The second addition to the party was the major’s factotum, Christopher Columbus Julius Pompey Snaggs. But for purposes of identification he answered to the name of Jumbo. Jumbo was a big-framed negro, intensely black and with a sunny, child-like disposition. He had a propensity for coining words to suit his convenience, deeming the King’s English insufficient in scope to express his emotions.
Standing on the sandy strip of beach as he emerged from the red canoe, with a load of “duffle,” Jumbo gazed about him in an interested way.

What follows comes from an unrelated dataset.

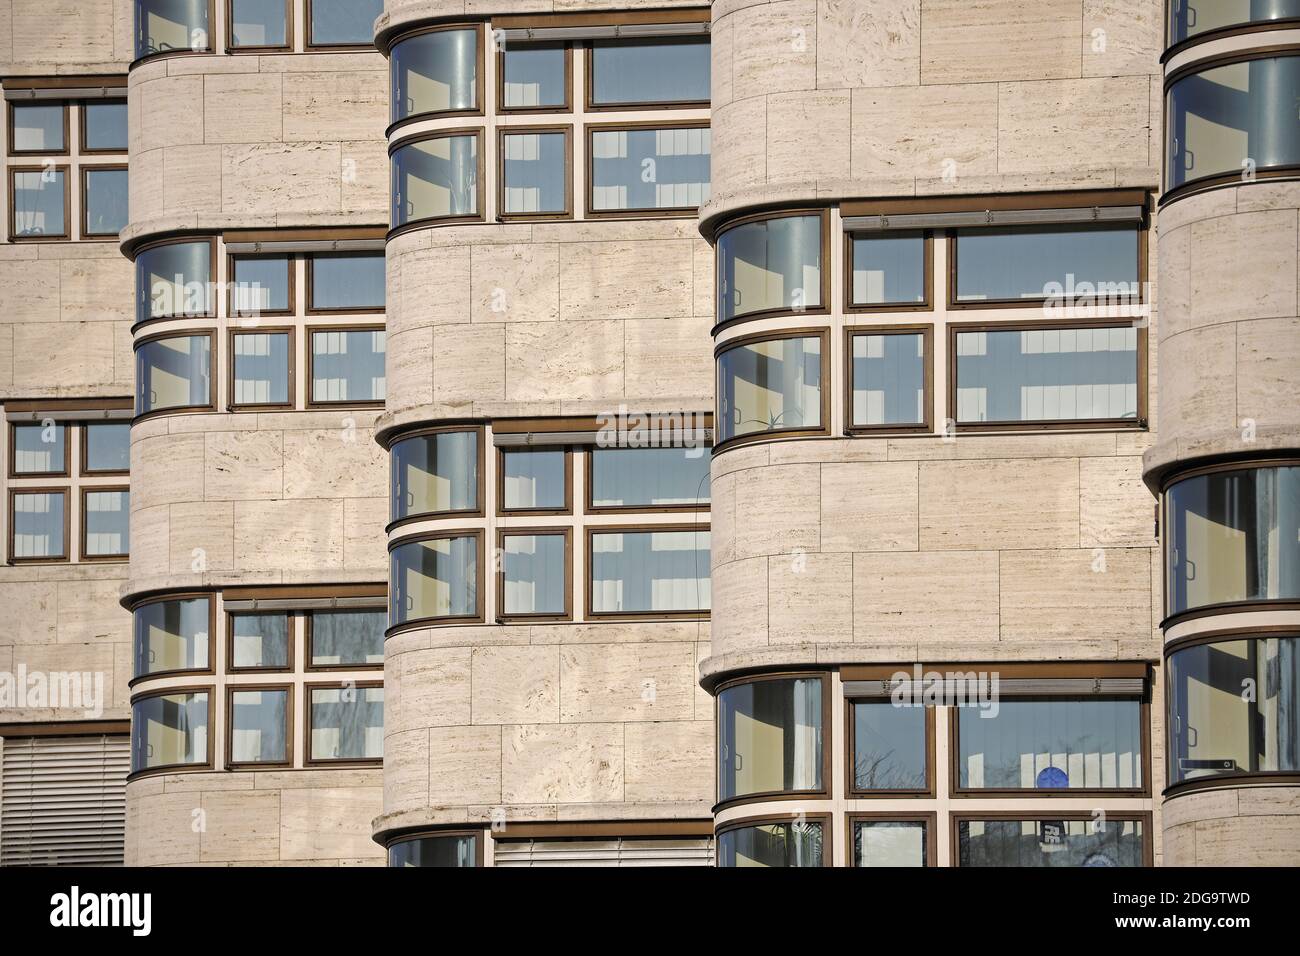 Conchiglia, Fassadendetail, Hauptsitz der Berliner Gasag, erbaut 1932 vom Archithekt Fahrenkamp, Berlin, Deutschland, Europa Foto Stock

“Dis sutt’in’ly am a glumpferiferous spot to locate a camp,” he remarked, letting his big eyes roll from the tranquil expanse of lake, fringed with feathery balsams and firs, to the slope above him clothed in its growth of fine timber, some of it hundreds of years old.
“Here you, Jumbo, hurry up with that bedding and then clean those fish!”
The voice was the major’s. It hailed from a level spot a short distance above the sandy beach. On this small plateau, the canvas “tepees” the Boy Scouts carried were already erected, and a good fire was burning between two green logs.
“Yas, sah, yas, sah! I’se a comin’,” hailed the negro, lumbering up among the loose rock, and almost spilling his load in his haste, “I’se a coming so quintopulous dat you all kain’t see muh fer de dus’ I’se raisin’.”
Before long the fish, caught by trolling as they came along, were frizzling in the pan, and spreading an appetizing odor abroad. The aroma of coffee and camp biscuit mingled with the other appetizing smells.
“Race anybody down to the lake for a wash!” shouted Rob suddenly.
In a flash he was off, followed by Merritt, Hiram and Tubby. Little Andy Bowles, with his bugle suspended from his shoulders by a cord of the Eagle colors, hurried along behind on his stumpy little legs.
“I win!” shouted Rob as he, with difficulty, paused on the brink of the lake. But hardly were the words out of his mouth before Merritt flashed up beside him.